After originally deciding to adopt Katie, they spent six weeks in Kiev, visiting an orphanage in nearby Kharkov. While there, they decided they may have room in their heart, and their home, for another child.

When they saw a picture of Emie striking the same pose as their biological daughter in one of their photographs, they knew they would come home with two children.

Both girls were the same age as their Annie. She would not lack for companionship, as they worried.

Lee said after the Ukrainian government – finally – completed the paperwork, they returned to the United States, when the real challenges began.

“The unvarnished truth,” Lee told the Press, is that adopting the Russian-speaking special needs children “was really disruptive to our family. They came with so many issues that we had not anticipated.”

After teaching them sign language and appropriate behavior, they moved to Lino Lake, Minnesota and found a new support group in Eagle Brook Church. There they found personal assistance and spiritual solace.

Every year in the past seven years has been better and better, they say.

“I think my girls can do almost anything they want to do,” he said, “and that’s what I want to help them become.”

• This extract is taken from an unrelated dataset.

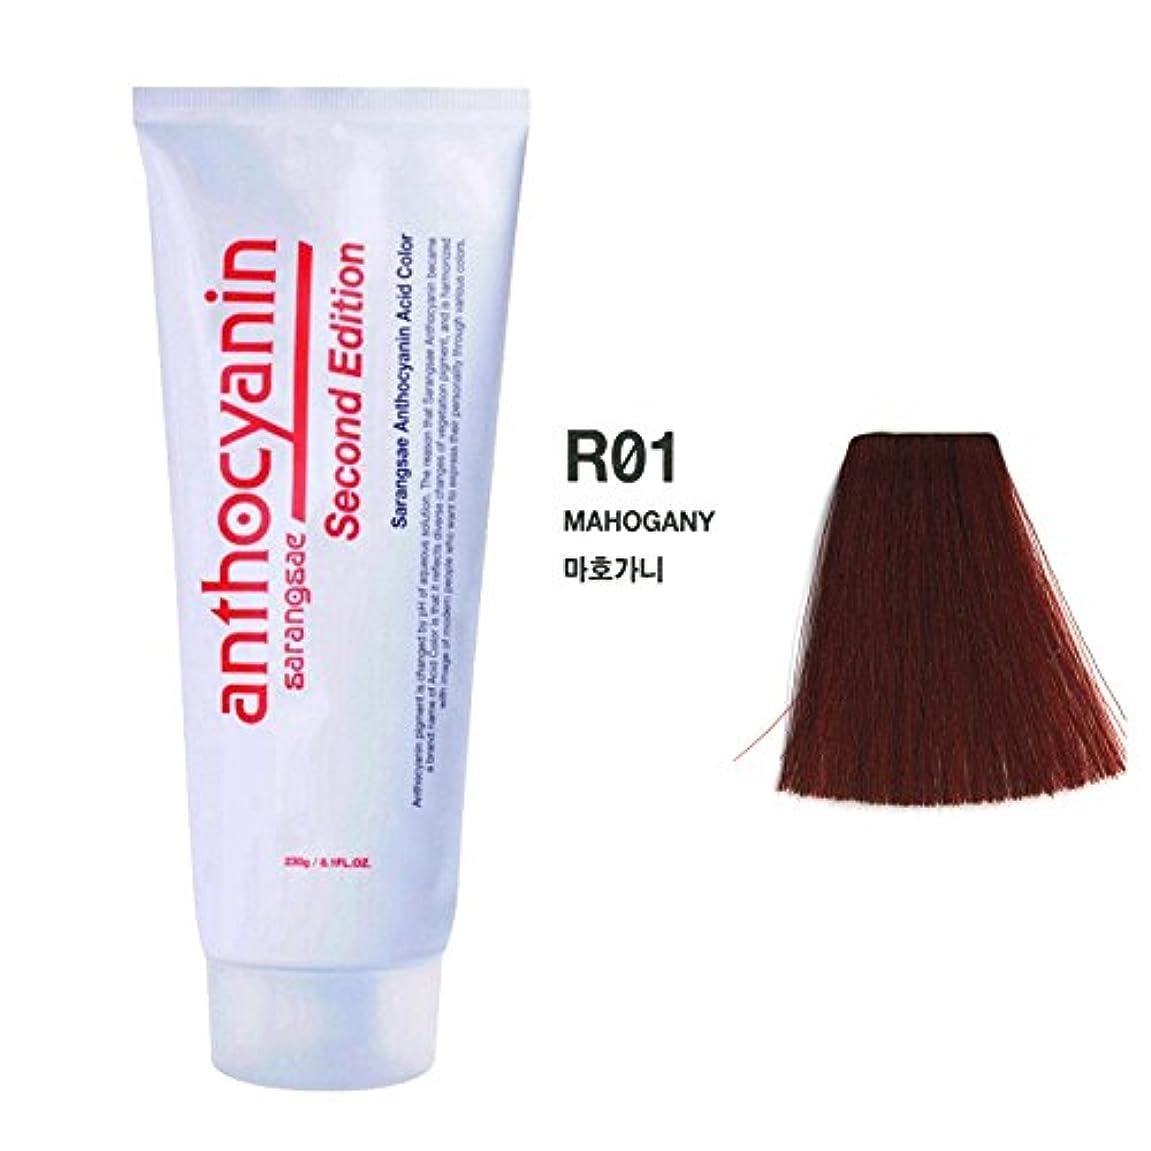 イライラする電球厳ヘア マニキュア カラー セカンド エディション 230g セミ パーマネント 染毛剤 ( Hair Manicure Color Second Edition 230g Semi Permanent Hair Dye) [並行輸入品] (R01 Mahogany)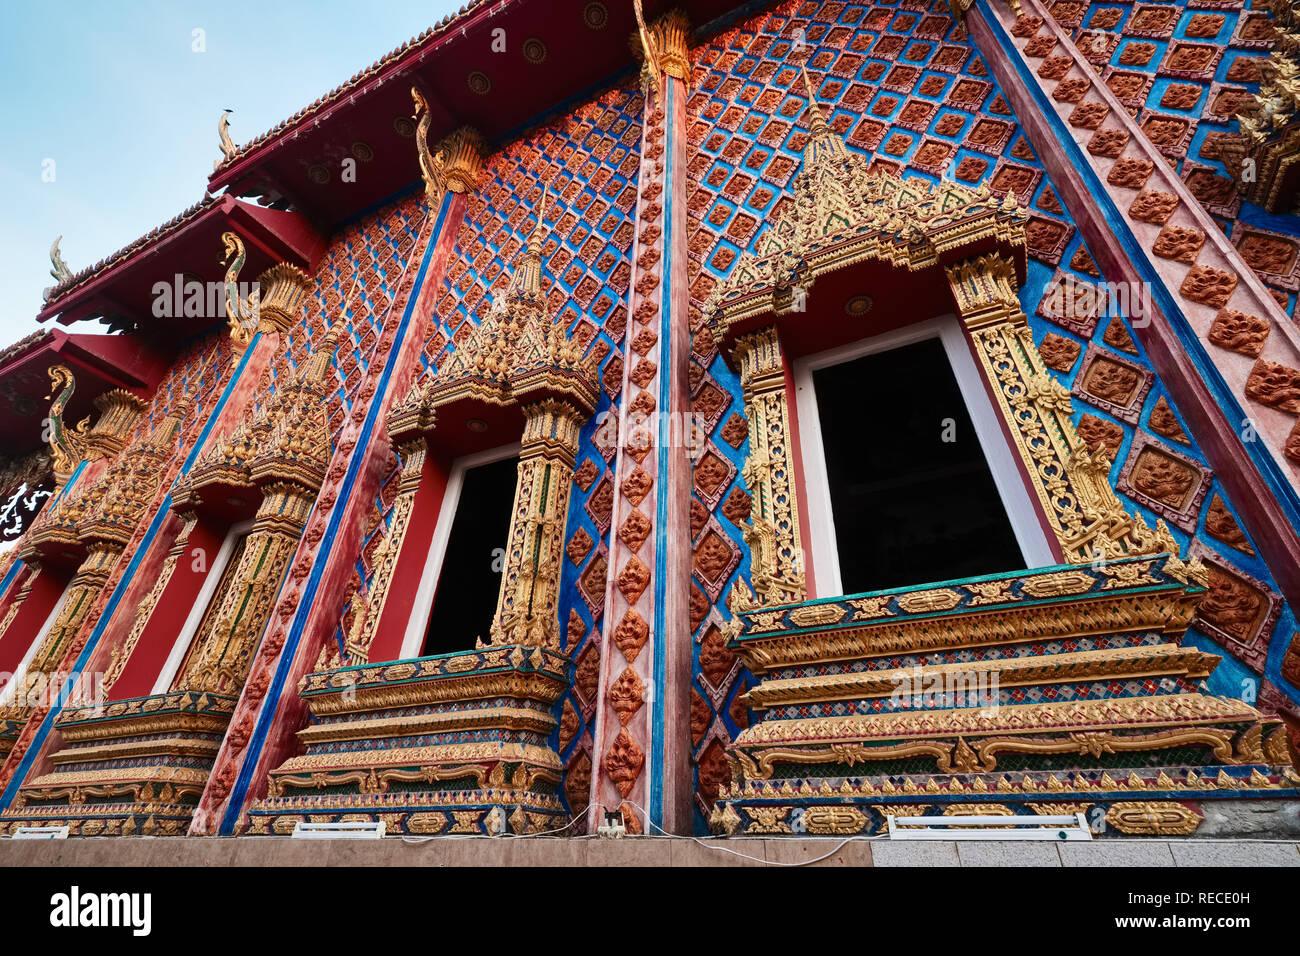 The elaborate windows and wall ornamentation of Wat Phra Nang Sang, Thalang, Phuket, Thailand Stock Photo

The family's devotion is fueled by their faith, and it informs the sense of humor Lee showed in a tweet during the 2014 midterm elections:

It takes a special person to believe in the potential of the “mentally retarded,” as they were once labeled. Today, 90 percent of all babies diagnosed with Down syndrome in the womb will be aborted. The percentage is higher in some countries. Some have even spoken of "a world without people with Down syndrome."

Their God, and their experience, tell them that every child has infinite worth and potential, Lee told local media, and he would encourage anyone to follow his footsteps and adopt a Down syndrome child – or two.

“The message is that it really doesn’t matter where you started or where you came from,” Lee said. “There are endless opportunities for everyone, whether they have disabilities or not. They deserve a shot.”